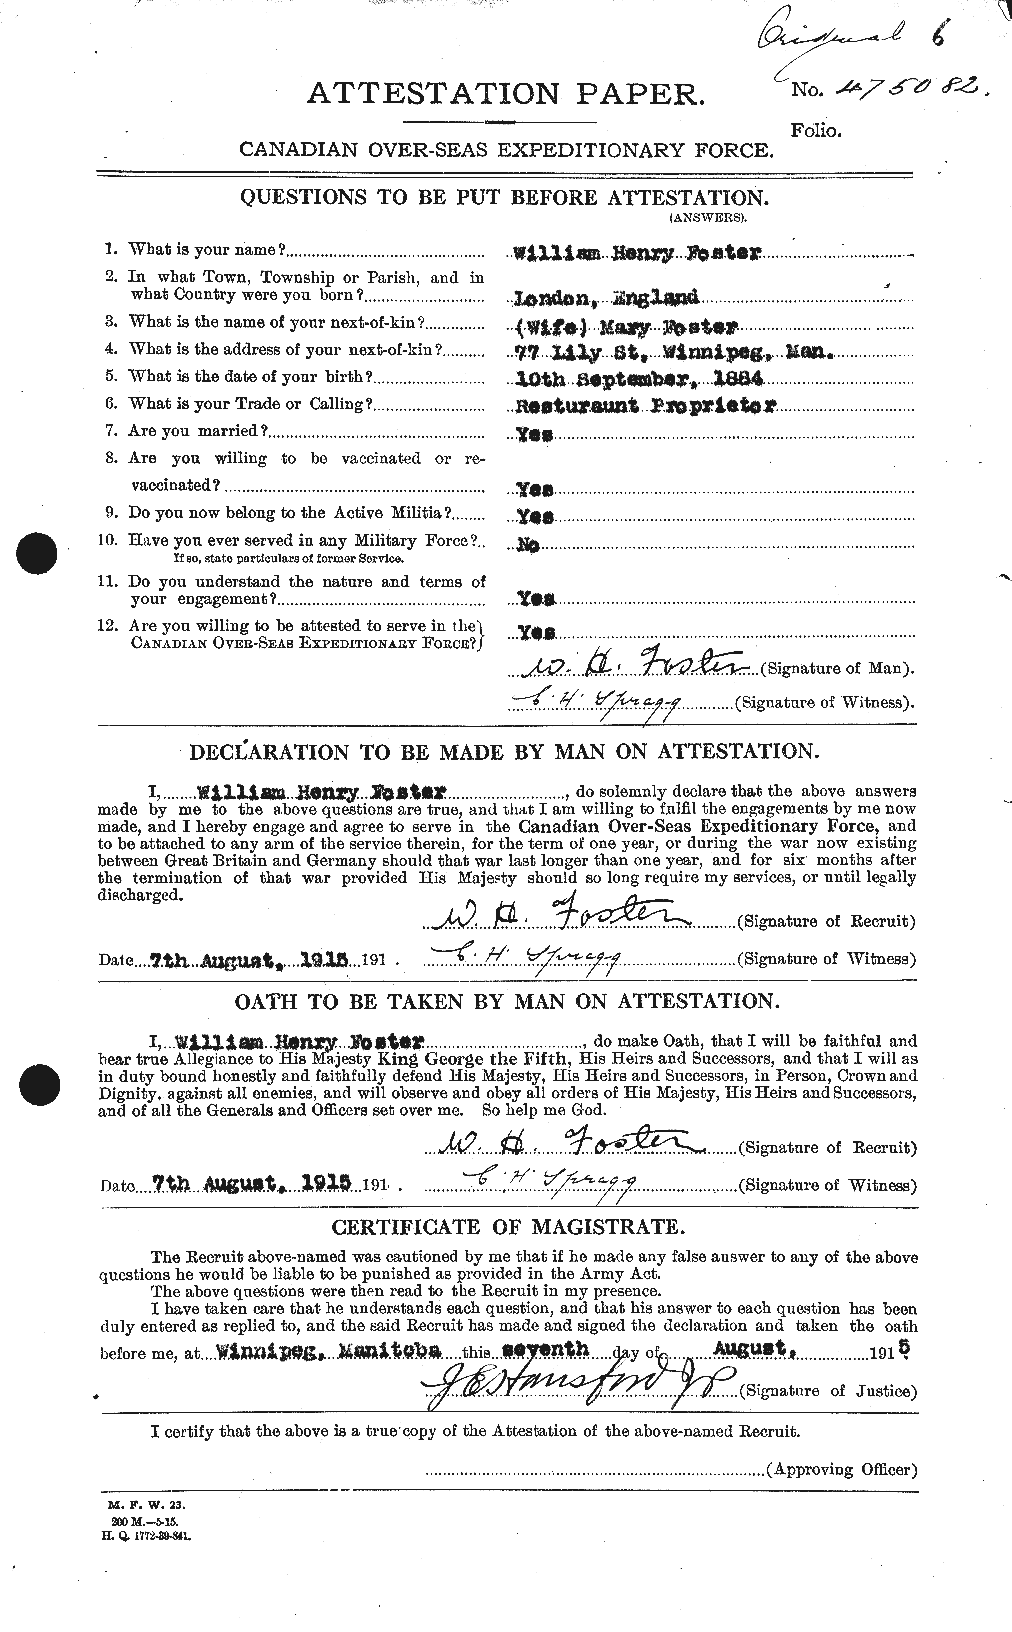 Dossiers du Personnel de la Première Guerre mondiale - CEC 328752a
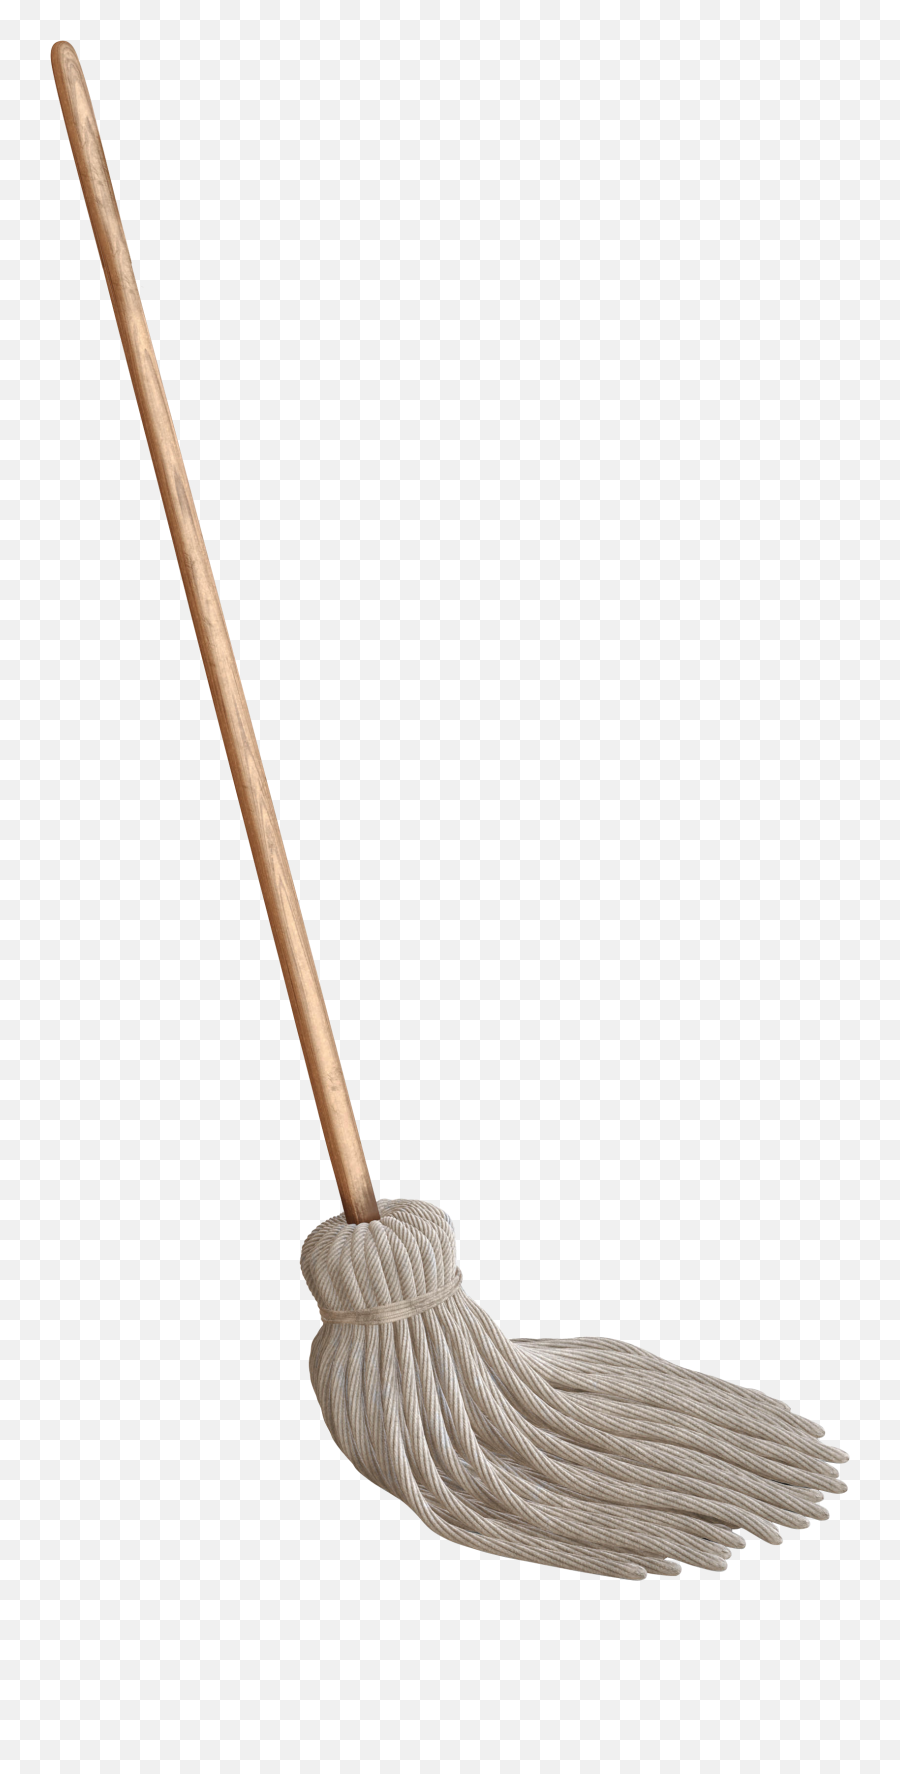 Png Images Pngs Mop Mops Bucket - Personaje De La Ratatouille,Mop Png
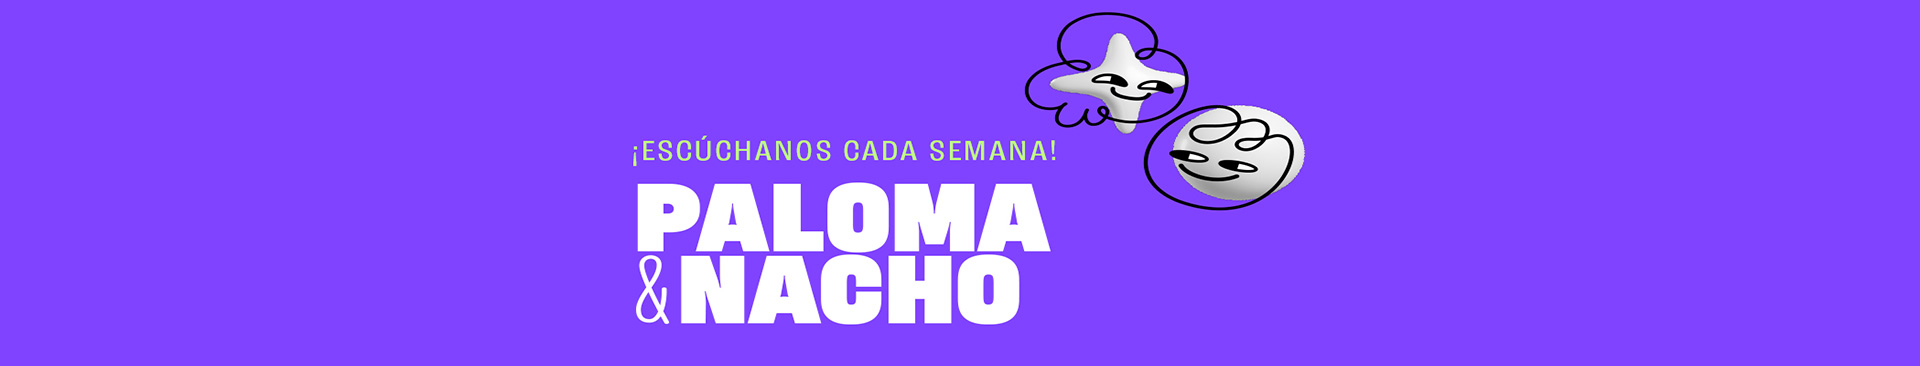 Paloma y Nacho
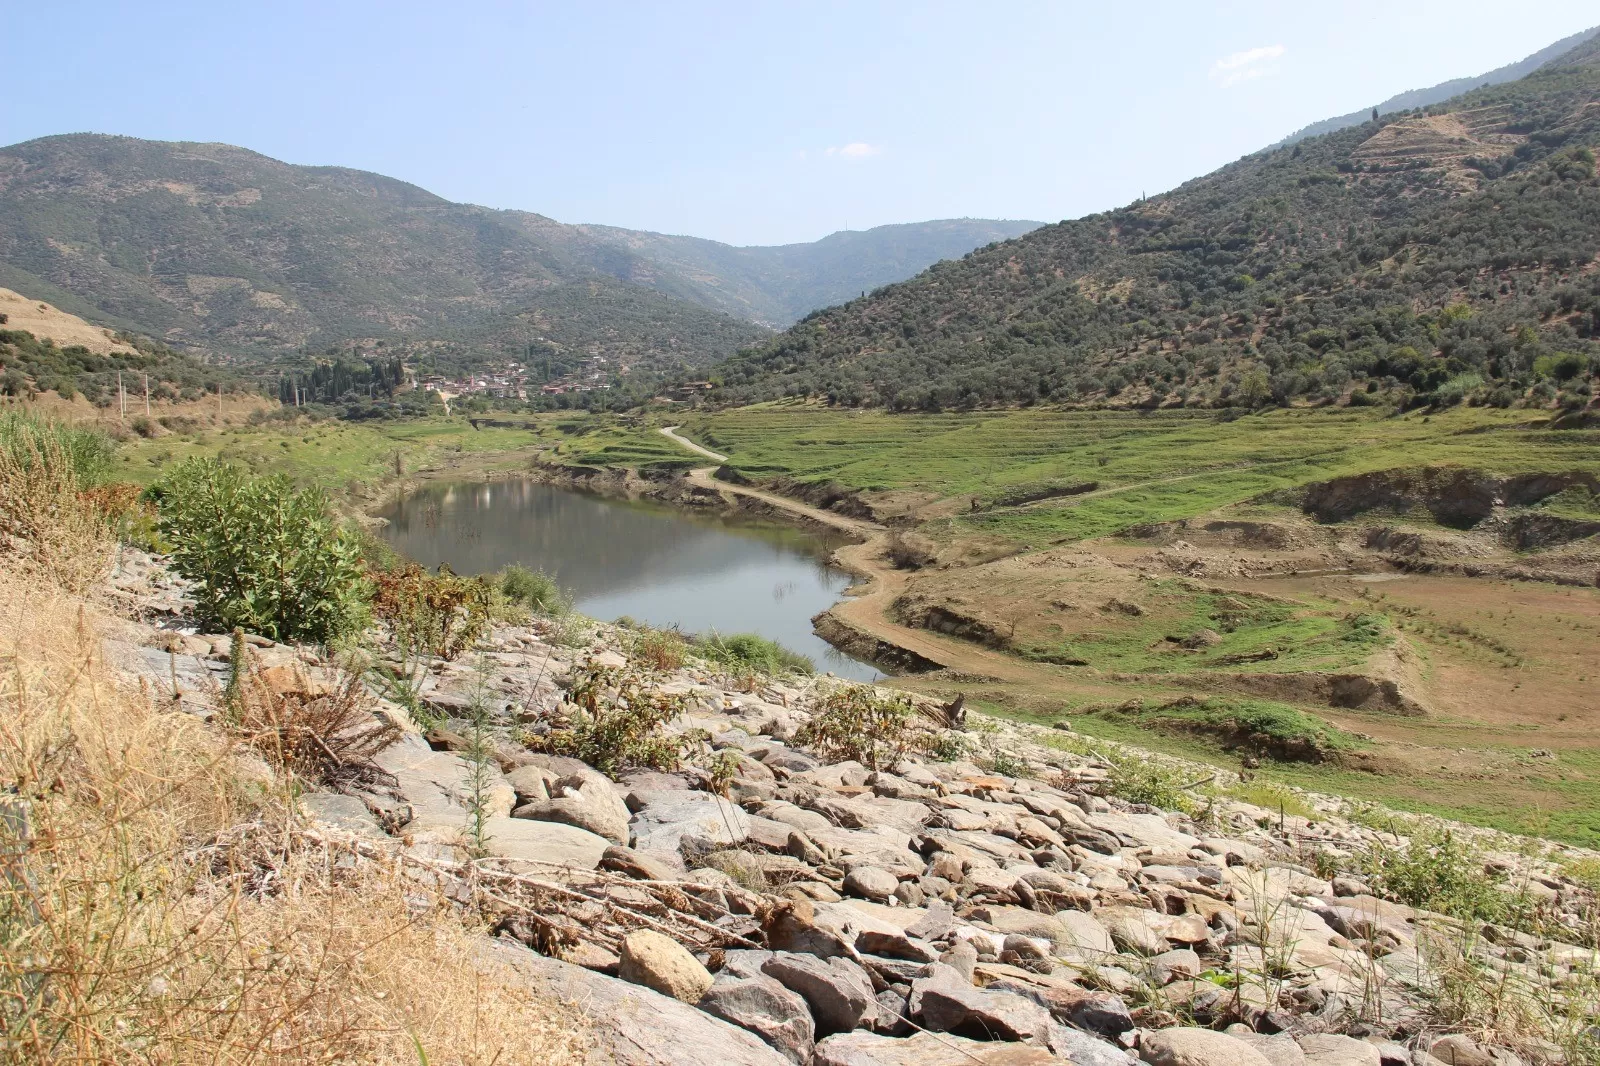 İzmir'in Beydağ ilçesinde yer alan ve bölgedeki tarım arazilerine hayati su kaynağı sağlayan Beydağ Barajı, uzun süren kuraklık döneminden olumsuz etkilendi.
════════
Transcribe the whole listing exactly as it stands, apart from the pictures.

Answer to this problem:
 Dossiers du Personnel de la Première Guerre mondiale - CEC 328752a
 Png Images Pngs Mop Mops Bucket - Personaje De La Ratatouille,Mop Png
 Paloma y Nacho
 İzmir'in Beydağ ilçesinde yer alan ve bölgedeki tarım arazilerine hayati su kaynağı sağlayan Beydağ Barajı, uzun süren kuraklık döneminden olumsuz etkilendi.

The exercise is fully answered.